Vilhjálmsson Bjarni J, Yang Jian, Finucane Hilary K, Gusev Alexander, Lindström Sara, Ripke Stephan, Genovese Giulio, Loh Po-Ru, Bhatia Gaurav, Do Ron, Hayeck Tristan, Won Hong-Hee, Kathiresan Sekar, Pato Michele, Pato Carlos, Tamimi Rulla, Stahl Eli, Zaitlen Noah, Pasaniuc Bogdan, Belbin Gillian, Kenny Eimear E, Schierup Mikkel H, De Jager Philip, Patsopoulos Nikolaos A, McCarroll Steve, Daly Mark, Purcell Shaun, Chasman Daniel, Neale Benjamin, Goddard Michael, Visscher Peter M, Kraft Peter, Patterson Nick, Price Alkes L
Department of Epidemiology, Harvard T.H. Chan School of Public Health, Boston, MA 02115, USA; Program in Genetic Epidemiology and Statistical Genetics, Harvard T.H. Chan School of Public Health, Boston, MA 02115, USA; Program in Medical and Population Genetics, Broad Institute of Harvard and MIT, Cambridge, MA 02142, USA; Bioinformatics Research Centre, Aarhus University, 8000 Aarhus, Denmark.
Queensland Brain Institute, University of Queensland, Brisbane, 4072 QLD, Australia; Diamantina Institute, Translational Research Institute, University of Queensland, Brisbane, 4101 QLD, Australia.
Am J Hum Genet. 2015 Oct 1;97(4):576-92. doi: 10.1016/j.ajhg.2015.09.001.

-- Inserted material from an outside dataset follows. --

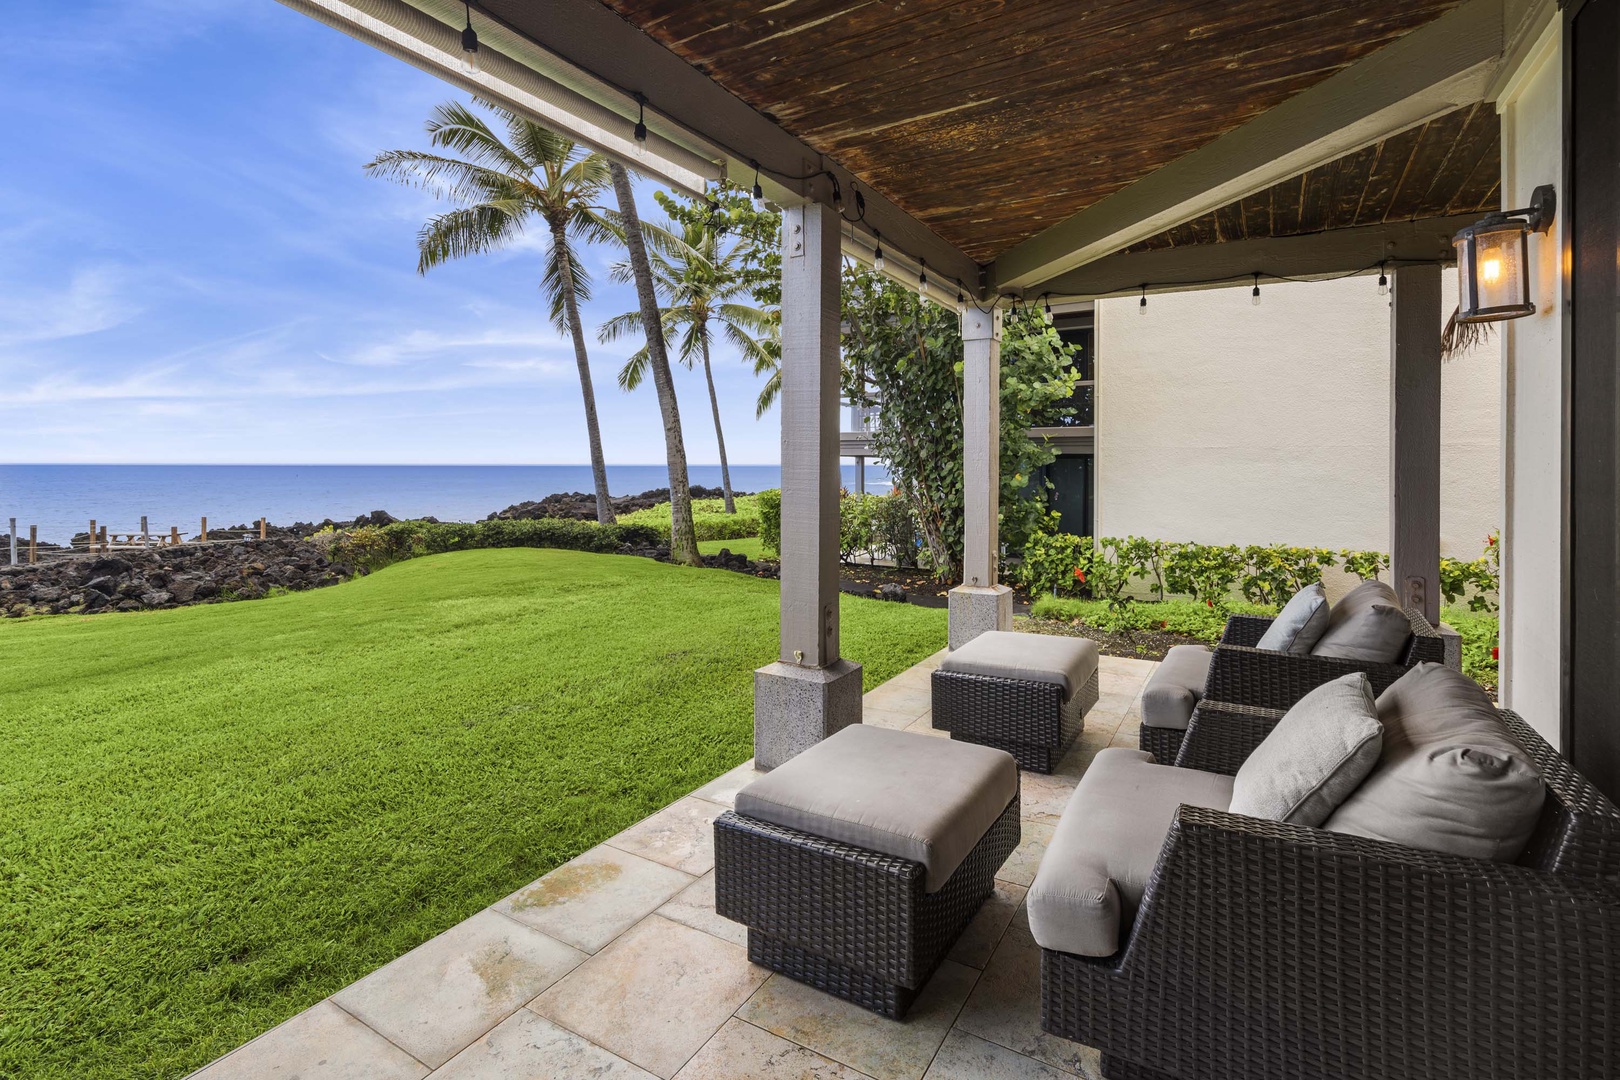 Kailua Kona Vacation Rentals, Keauhou Kona Surf & Racquet 2101 - And on the right are two single seats with ottoman for a more relaxing time in front of the ocean and soaking up with island breeze.

Polygenic risk scores have shown great promise in predicting complex disease risk and will become more accurate as training sample sizes increase. The standard approach for calculating risk scores involves linkage disequilibrium (LD)-based marker pruning and applying a p value threshold to association statistics, but this discards information and can reduce predictive accuracy. We introduce LDpred, a method that infers the posterior mean effect size of each marker by using a prior on effect sizes and LD information from an external reference panel. Theory and simulations show that LDpred outperforms the approach of pruning followed by thresholding, particularly at large sample sizes. Accordingly, predicted R(2) increased from 20.1% to 25.3% in a large schizophrenia dataset and from 9.8% to 12.0% in a large multiple sclerosis dataset. A similar relative improvement in accuracy was observed for three additional large disease datasets and for non-European schizophrenia samples. The advantage of LDpred over existing methods will grow as sample sizes increase.
多基因风险评分在预测复杂疾病风险方面已显示出巨大潜力,并且随着训练样本量的增加会变得更加准确。计算风险评分的标准方法涉及基于连锁不平衡(LD)的标记物筛选以及对关联统计量应用p值阈值,但这会丢弃信息并可能降低预测准确性。我们引入了LDpred方法,该方法通过使用效应大小的先验信息和来自外部参考面板的LD信息来推断每个标记物的后验平均效应大小。理论和模拟表明,LDpred优于先进行筛选然后设置阈值的方法,尤其是在大样本量时。因此,在一个大型精神分裂症数据集中,预测的R(2)从20.1%提高到了25.3%,在一个大型多发性硬化症数据集中从9.8%提高到了12.0%。在另外三个大型疾病数据集以及非欧洲精神分裂症样本中也观察到了类似的相对准确性提高。随着样本量的增加,LDpred相对于现有方法的优势将更加明显。